To the 110 volunteers who are needed to settle a Mars colony, what you see above is how a sunset on Mars looks like.

Do not read everything on the linked scientific paper. You just need to know this conclusion on how many people we would need to successfully settle Mars:

The minimum number of settlers has been calculated and the result is 110 individuals. Other assumptions can be made. The proposed method allows assessments and comparisons, opening the debate for the best strategy for survival.

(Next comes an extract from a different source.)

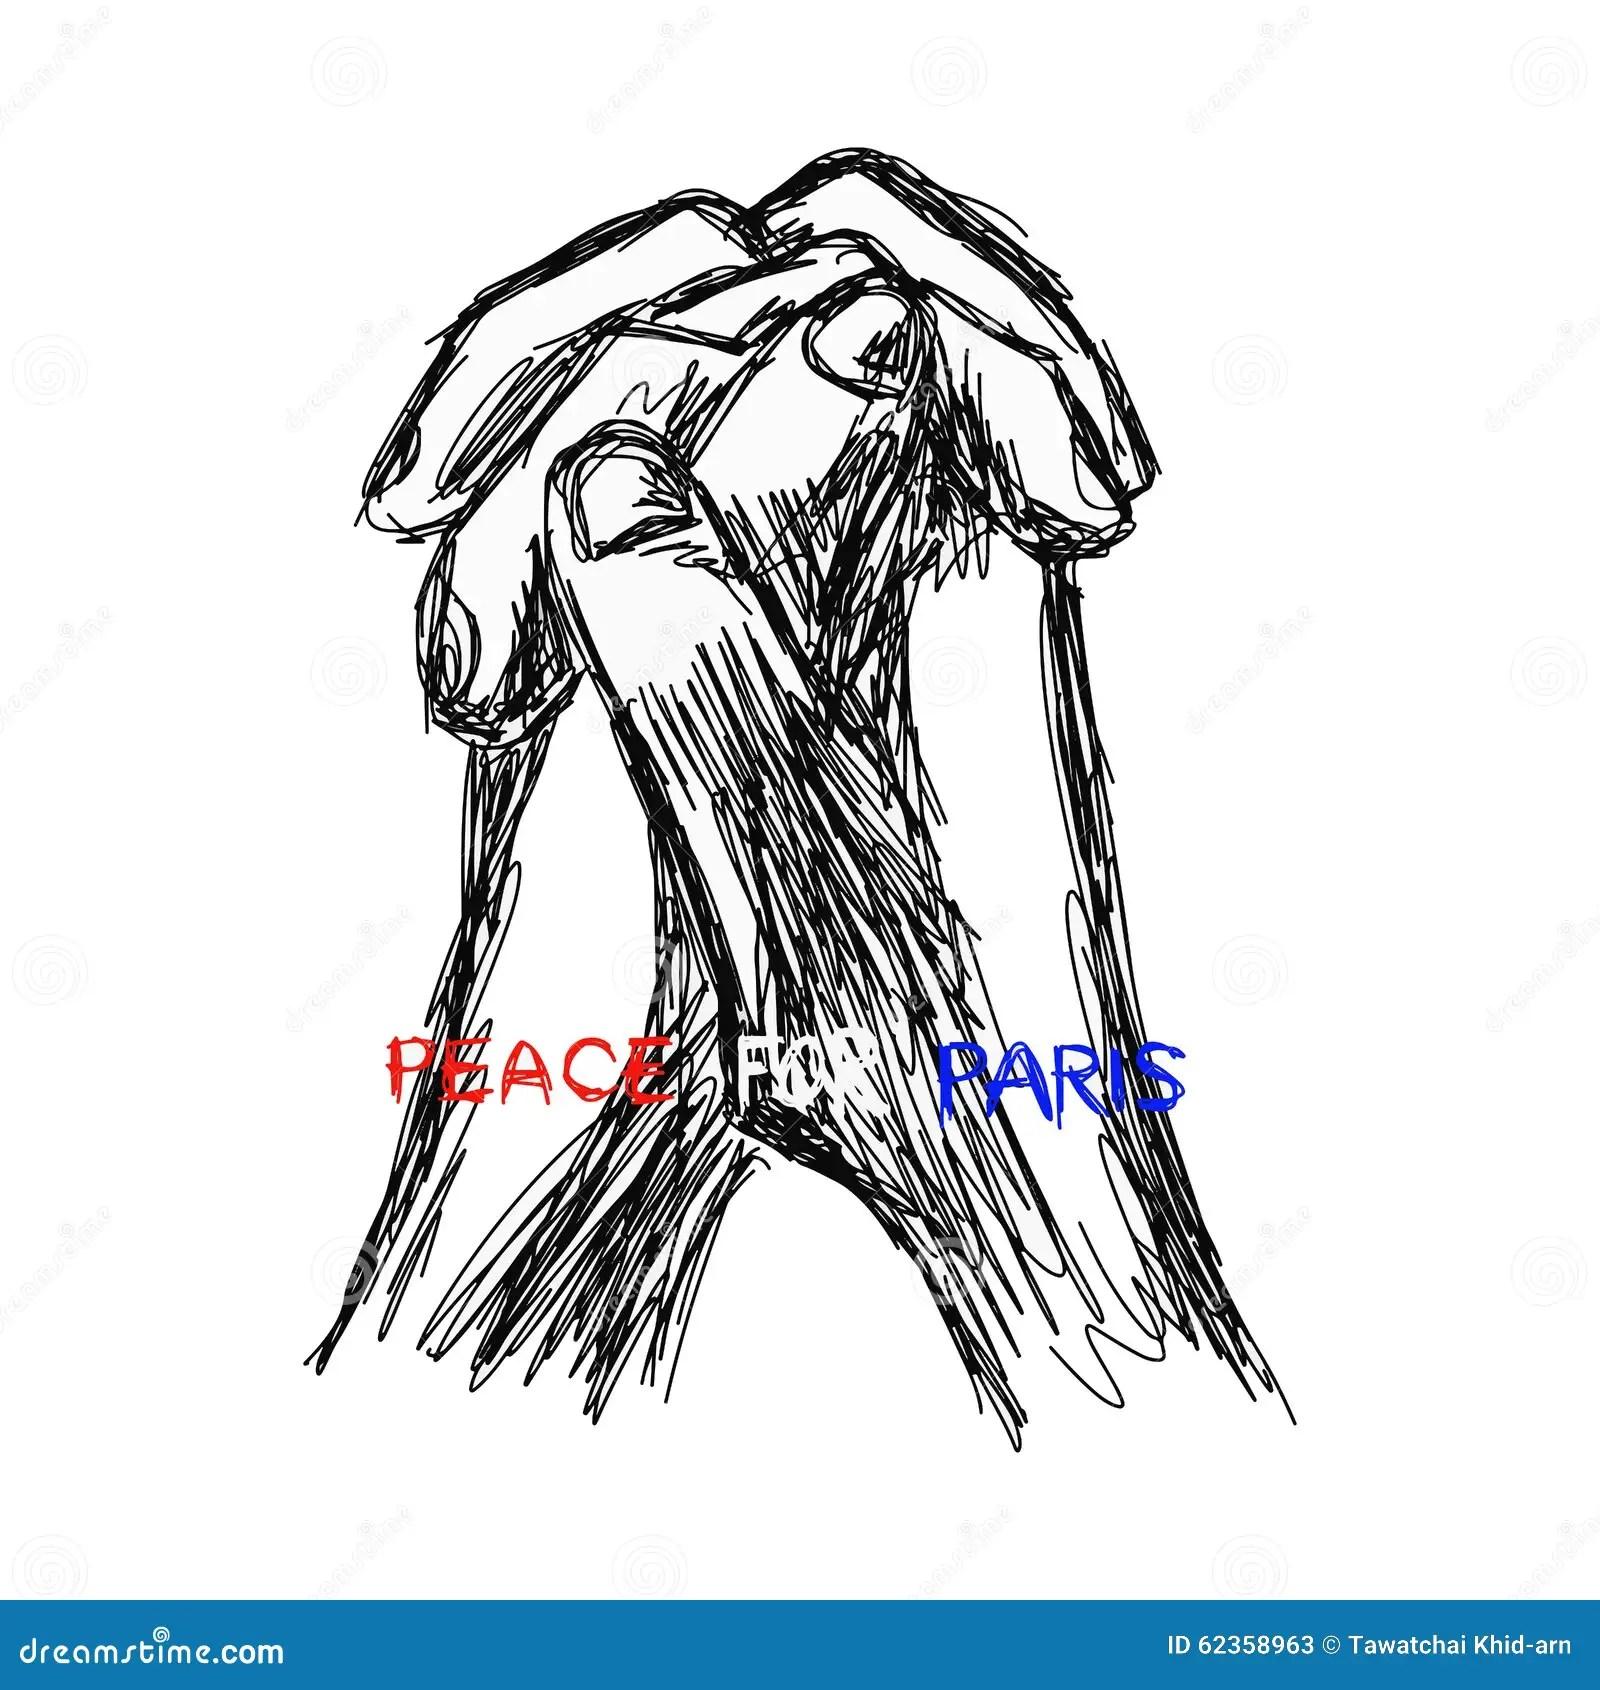 Illustration Vector Doodle Hand Drawn Of Sketch Praying

If this relatively low number is confirmed, survival on another planet might be easier than expected, provided that the organization of the settlers is appropriate.

So, there you go. 110 may be the new Answer to the Ultimate Question of Life, the Universe and Everything — and not 42, as readers of Hitchhiker’s Guide to the Galaxy believe.

But, coming back to our subject of sunsets, how do we know how a sunset on Mars looks like?

Well, it’s all thanks to a planetary scientist at NASA’s Goddard Space Flight Center called Geronimo Villanueva. While building a computer modeling tool for a possible future mission to Uranus, he also ended up creating simulations of sunsets as viewed on the surface of some of the other planets of our Solar System.

How do we know the simulations are correct? Well, he applied his simulatiions to Earth itself and it came out pretty accurate, so that gives us confidence that his models may be accurate enough for the photographers among the 110 settlers to know what to expect when the urge takes them to break out their camera for a sunset picture.

The computer animations in the following video show an all-clear all-sky views (no clouds, so no beautiful sunset colors) as if you were looking up at the sky through a ultra-wide-angle lens from Earth, Venus, Mars, Uranus, and Titan. The moving white dot in the video represents the location of the Sun.

The circles confused me at first, making me wonder whether I was looking at the planets from the sky or at the sky from the surface of the planets. It turns out to be the latter case, so forget the circles. A better video (w/o the circles, but with a typical horizon) is posted below:

Maybe, in the far-off future when interstellar travel has become reality, when a photographer buddy says, “Let’s go shoot a sunset,” you’ll reply, “On which planet?”